Activity: Your job is to give again, exactly and with no additions, the lines in the records below from the one with "404 Error Page" through the one with "Fargo North's Owen", both included. Omit the pictures.

Source data:
----------
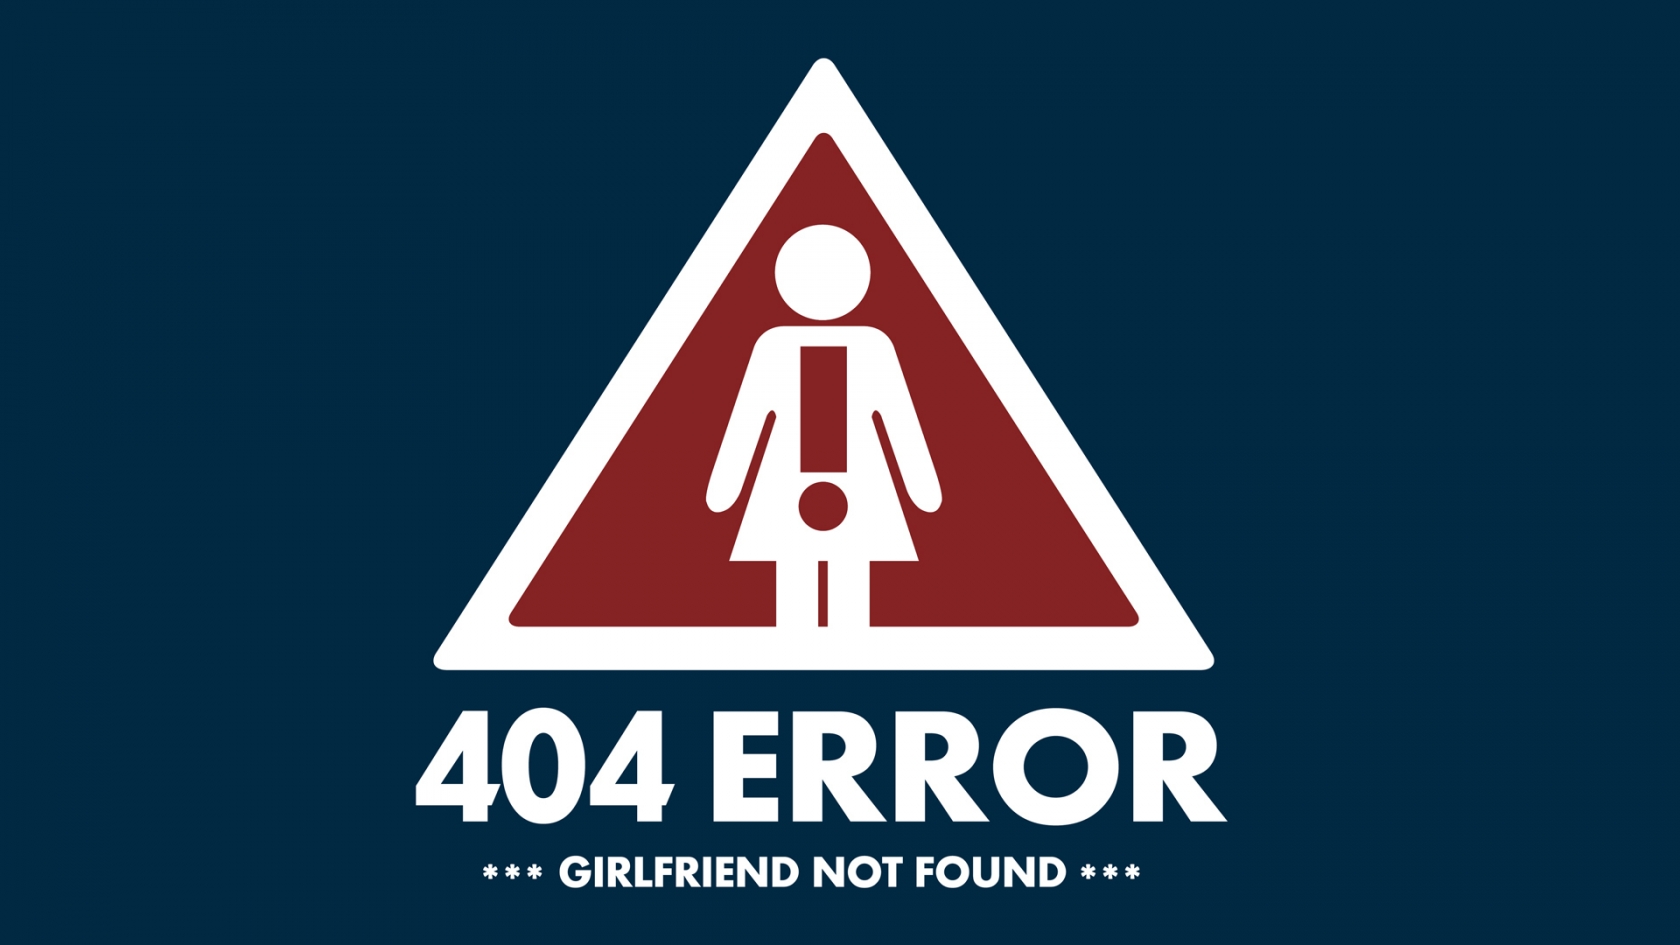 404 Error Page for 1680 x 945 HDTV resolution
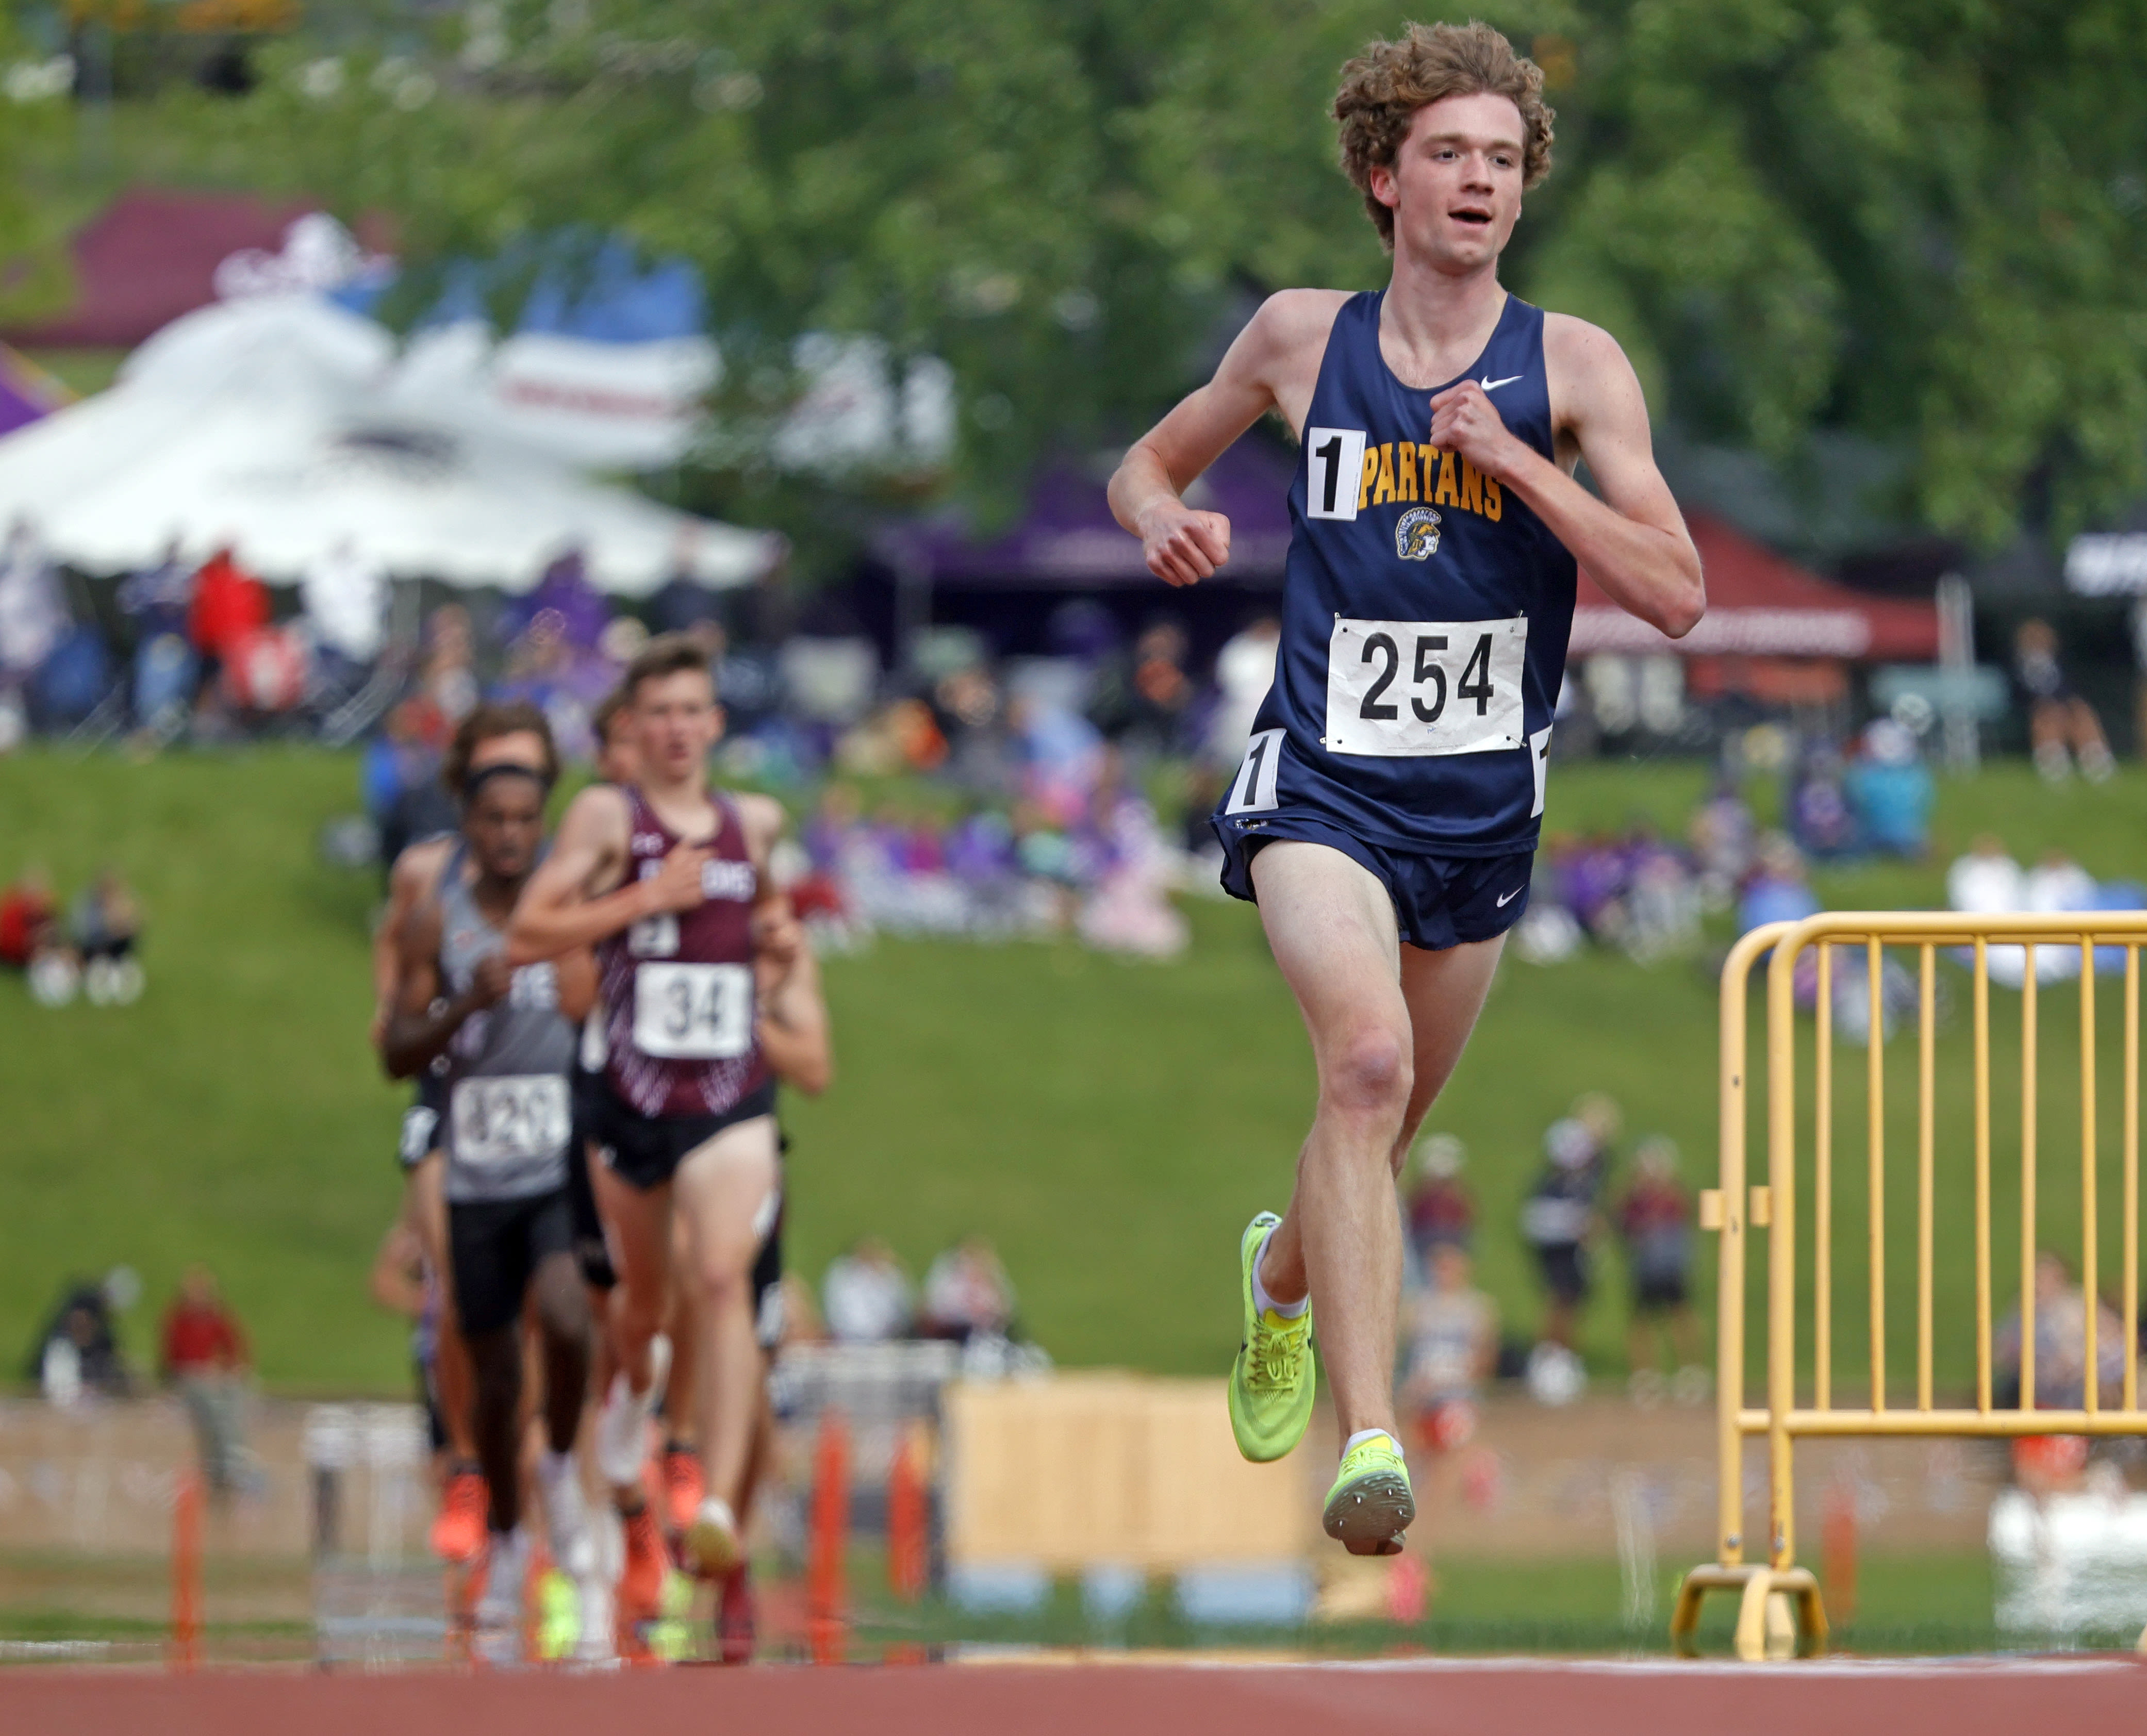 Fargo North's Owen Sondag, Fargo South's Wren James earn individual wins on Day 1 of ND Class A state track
----------
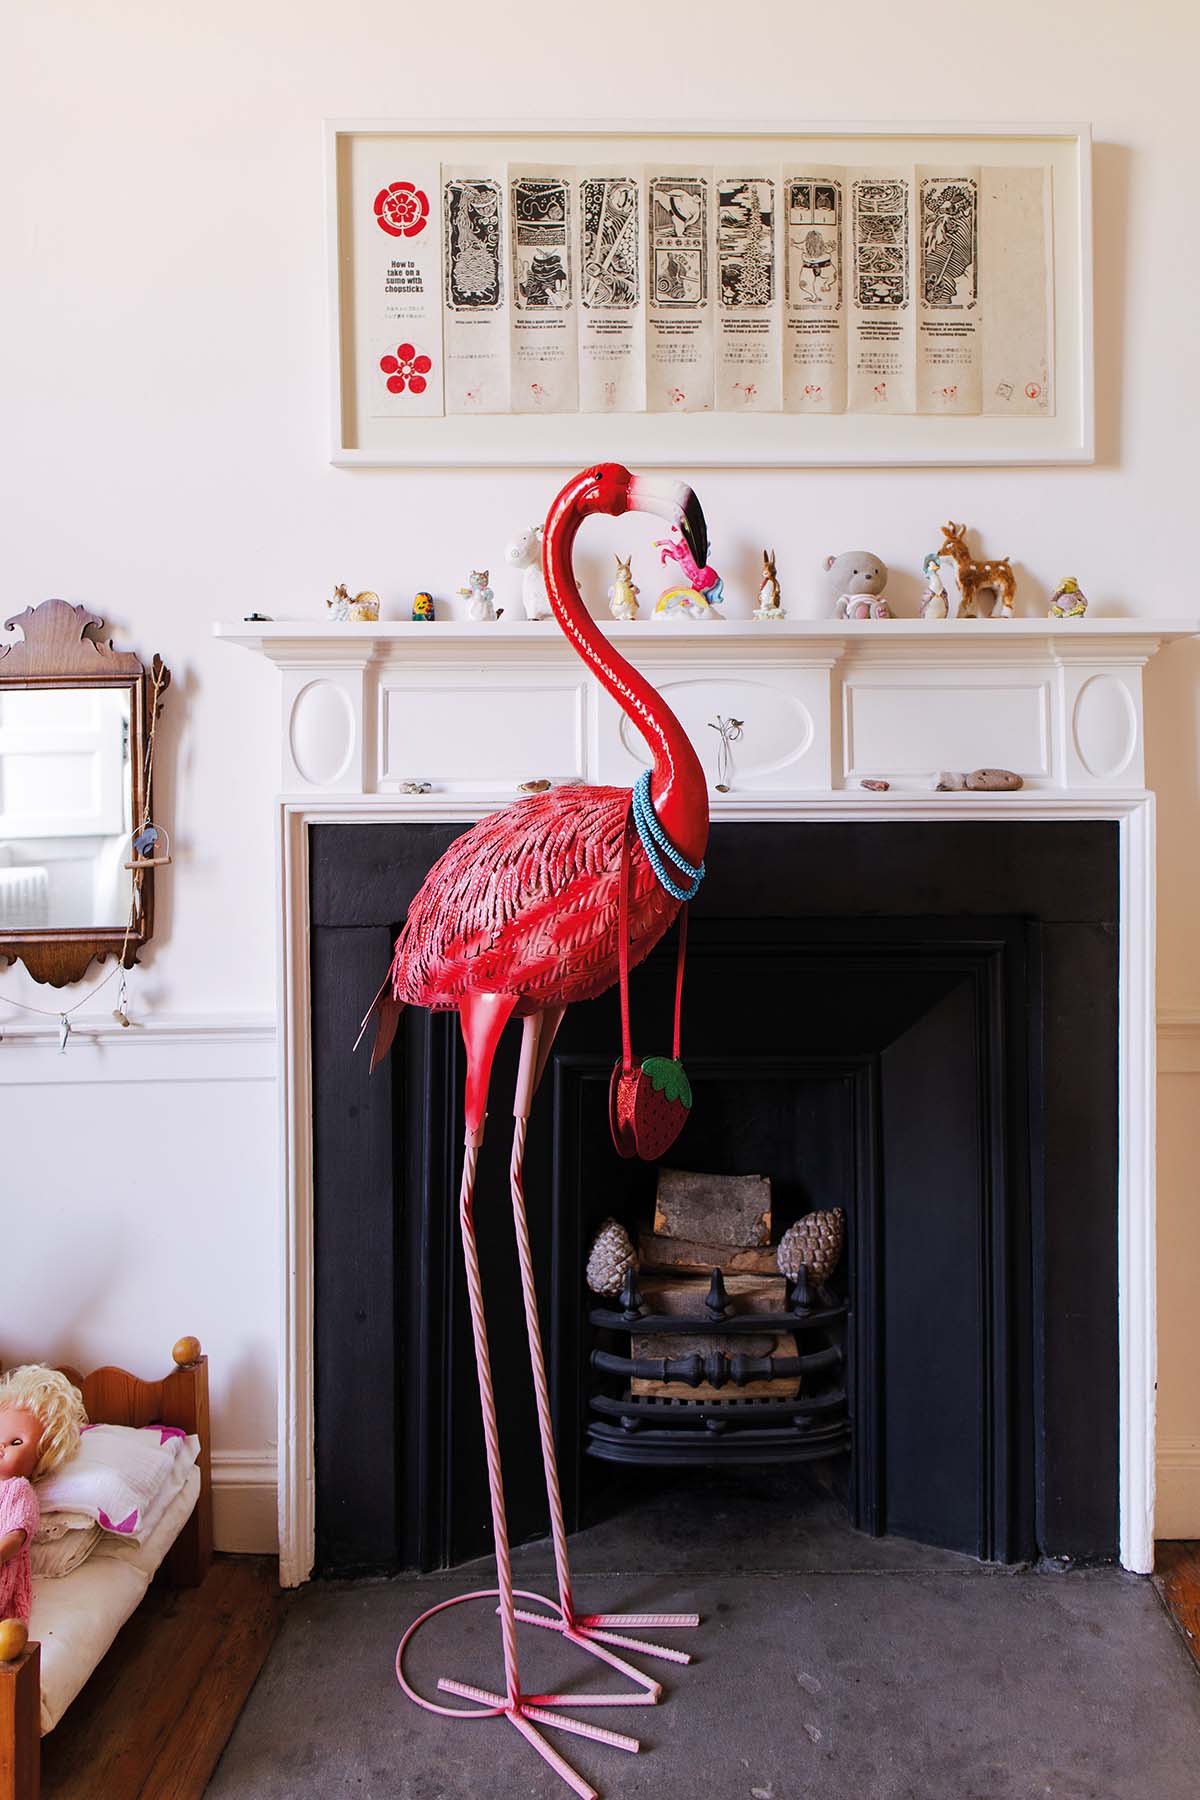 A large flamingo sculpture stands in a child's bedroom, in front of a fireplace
----------
Reply to the task:
 404 Error Page for 1680 x 945 HDTV resolution
 Fargo North's Owen Sondag, Fargo South's Wren James earn individual wins on Day 1 of ND Class A state track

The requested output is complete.